Baggett points out the Stationary Engineers were among the first in the city to get “essential worker” letters. But not long after the Stay-In-Place order was issued, it became evident there were not enough available hospital beds in Metro Detroit if the cases of COVID-19 continued to increase. An emergency request was made of the TCF Center, and it would require all hands-on deck.
“Representatives from the State of Michigan reached out alerting us that the venue was needed to serve and an alternate care facility,” explains Molinari. “Working with the Army Corps of Engineers, the 1000 bed hospital facility was constructed in a record nine days and included 650 beds in Hall C that are all equipped with oxygen.”
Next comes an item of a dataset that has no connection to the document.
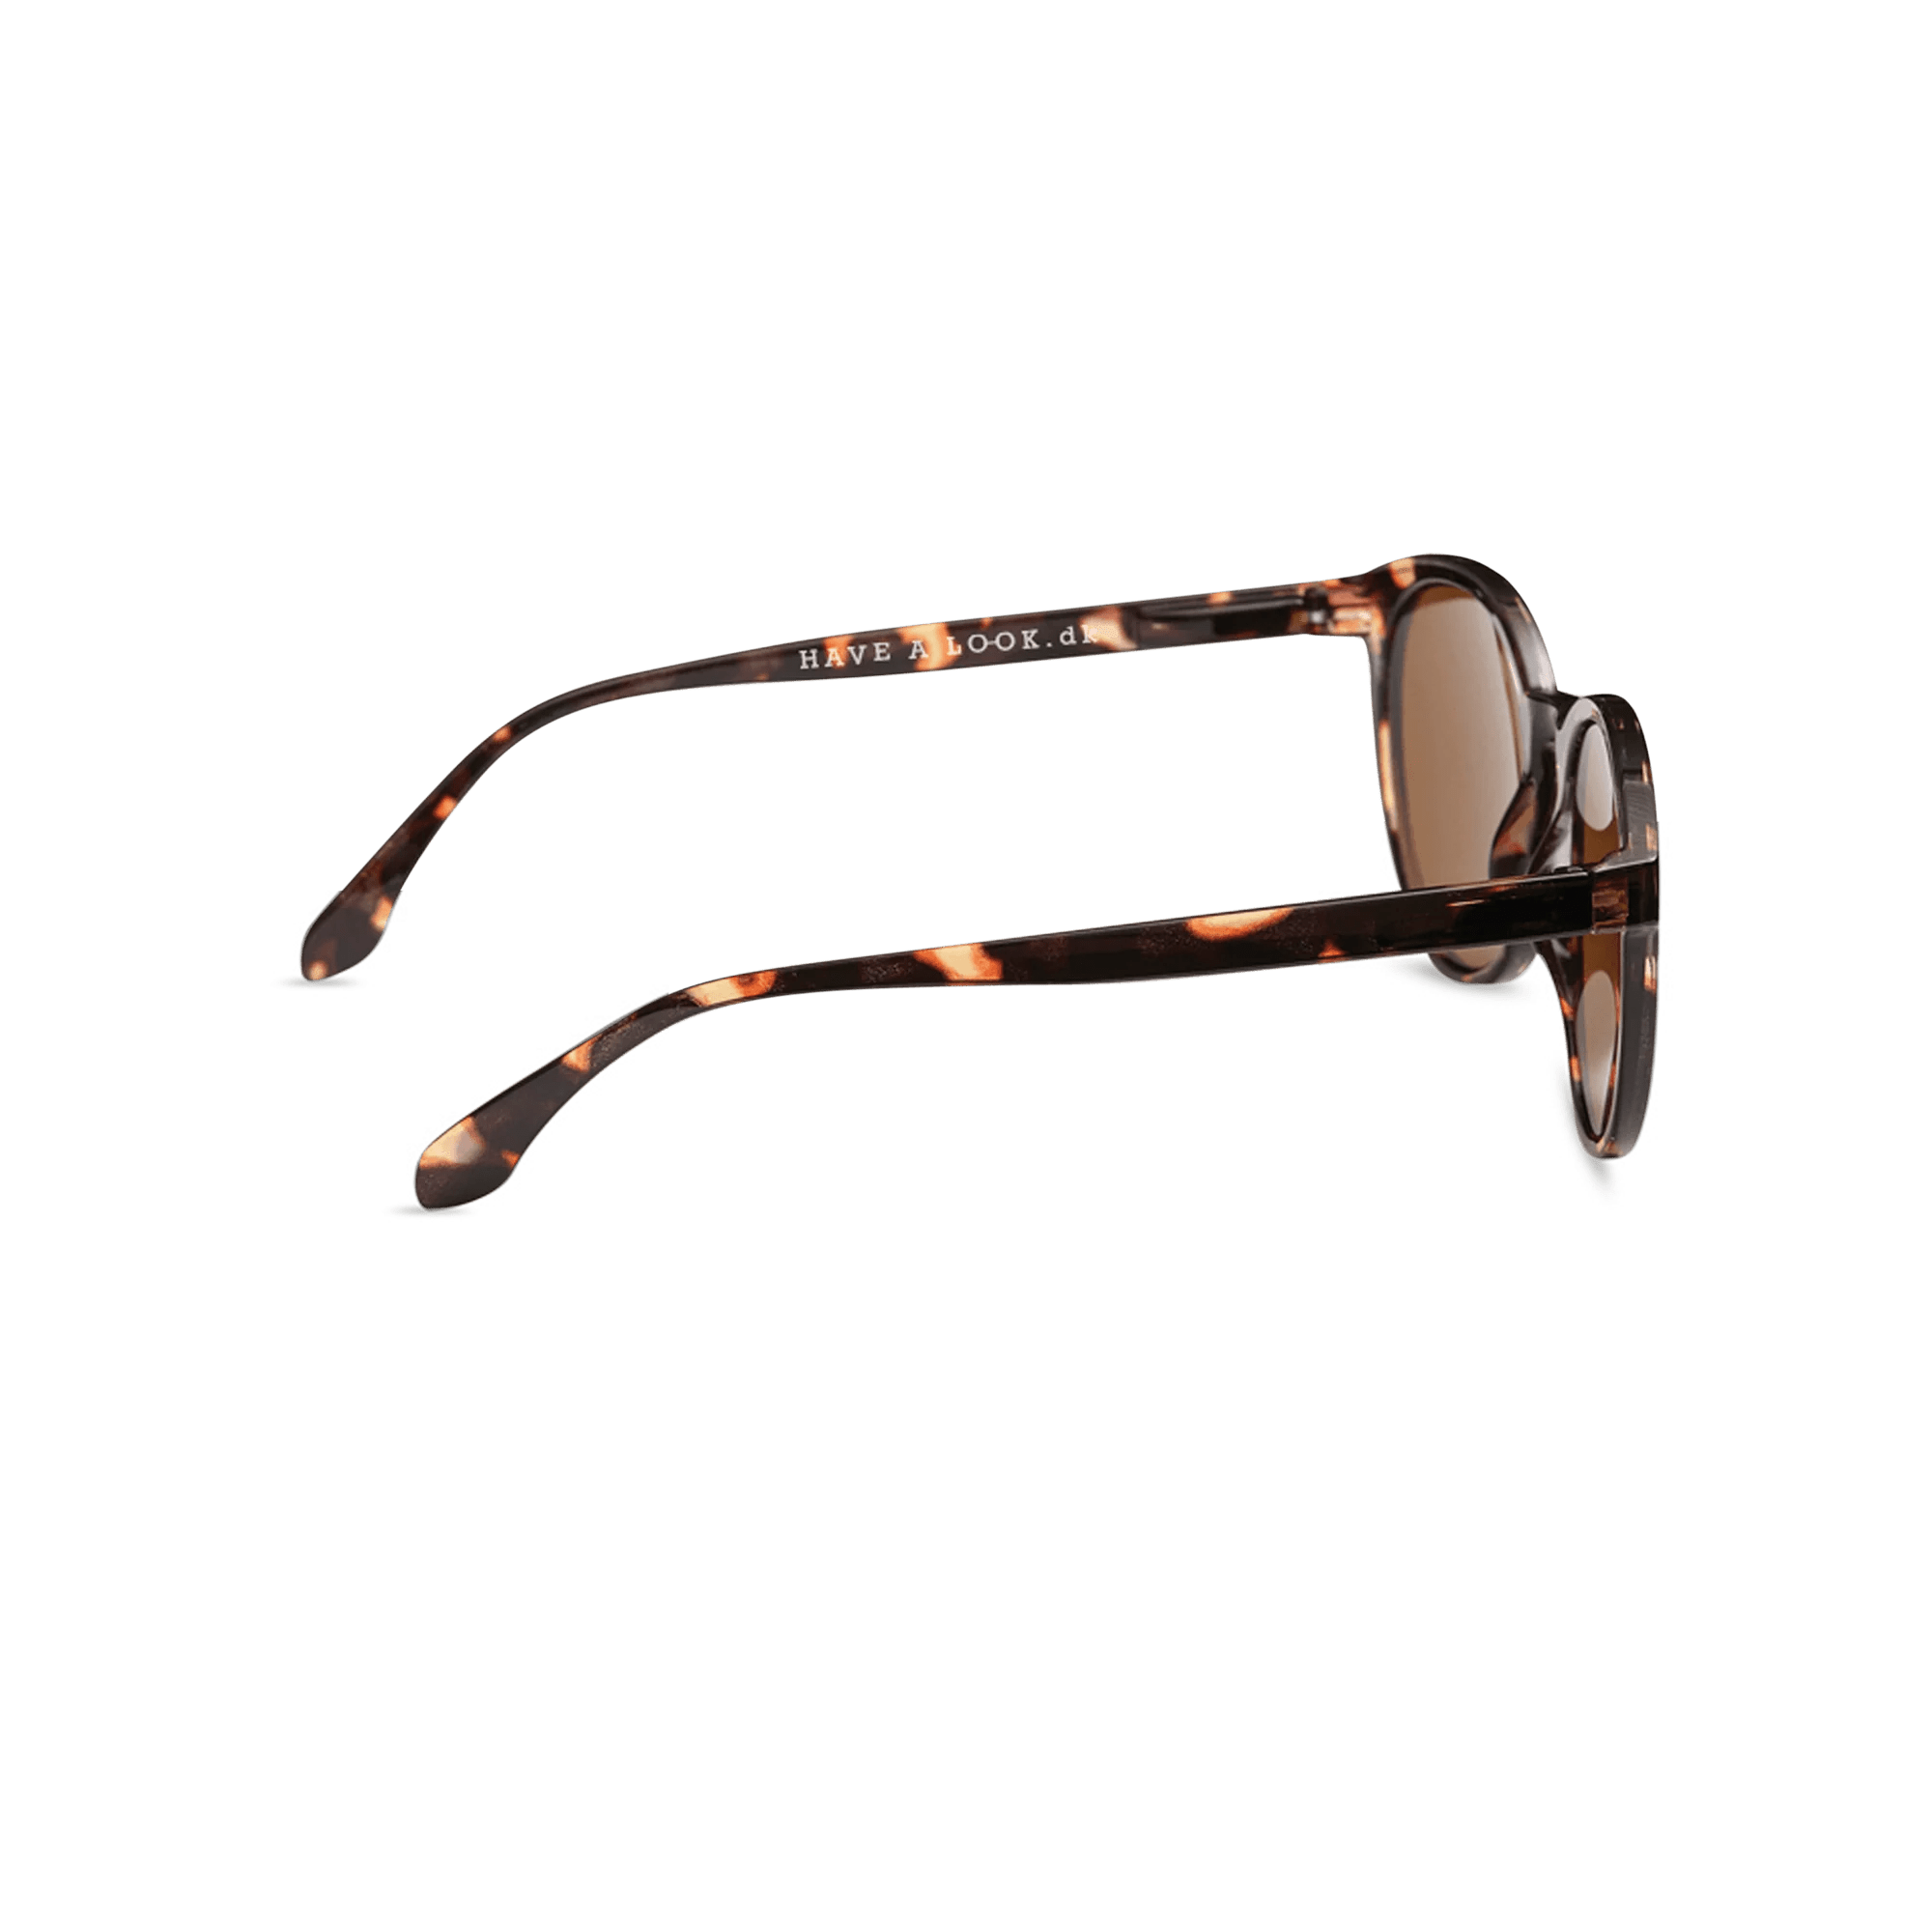 Diva Tortoise Sun Reading Glasses by Have A Look

The work inside TCF was undertaken by several union trades, including Operating Engineers 324 equipment operators. But the challenges for the Stationary Engineers already at TCF were among the most difficult of all. The exhibit halls mechanical HVAC systems were programmed to create a negative pressure environment, designed to replicate conditions in a hospital room most conducive to healing.
“The team at TCF Center proved themselves to be one of the best in the country, working seamlessly with local, state and federal agencies around the clock to execute this mission for the country,” says Molinari. “We will continue to work just as hard in redesigning our product to meet the needs of future events when this crisis is over.”
Baggett is proud of the work accomplished with her coworkers.
“It was a privilege, all of us wanting to do the best you can do to help out the situation, whatever was asked of you,” she said. “It meant everything to just do your part. Everybody just stepped up and did what we had to do. You challenge yourself, to see what you can do.”
“I can’t say enough for what it has been to me.”
Whether taking part in the emergency work or manning their station to keep Michigan running, one thing all four agree on is the value their training and knowledge as Operating Engineers 324 members. It’s what they credit for preparing them for being the best they could be in this crisis.
“The quality of skilled people they get when they get an OE324 member,” says Pond, “is second to none. I think more people need to realize that.”
Burgett agrees. “It’s been so fulfilling, being in the trade for as long as I have. Watching things change. Anybody who is interested would be on the right path to a long prosperous future to come through 324. I can’t say enough for what it has been to me.”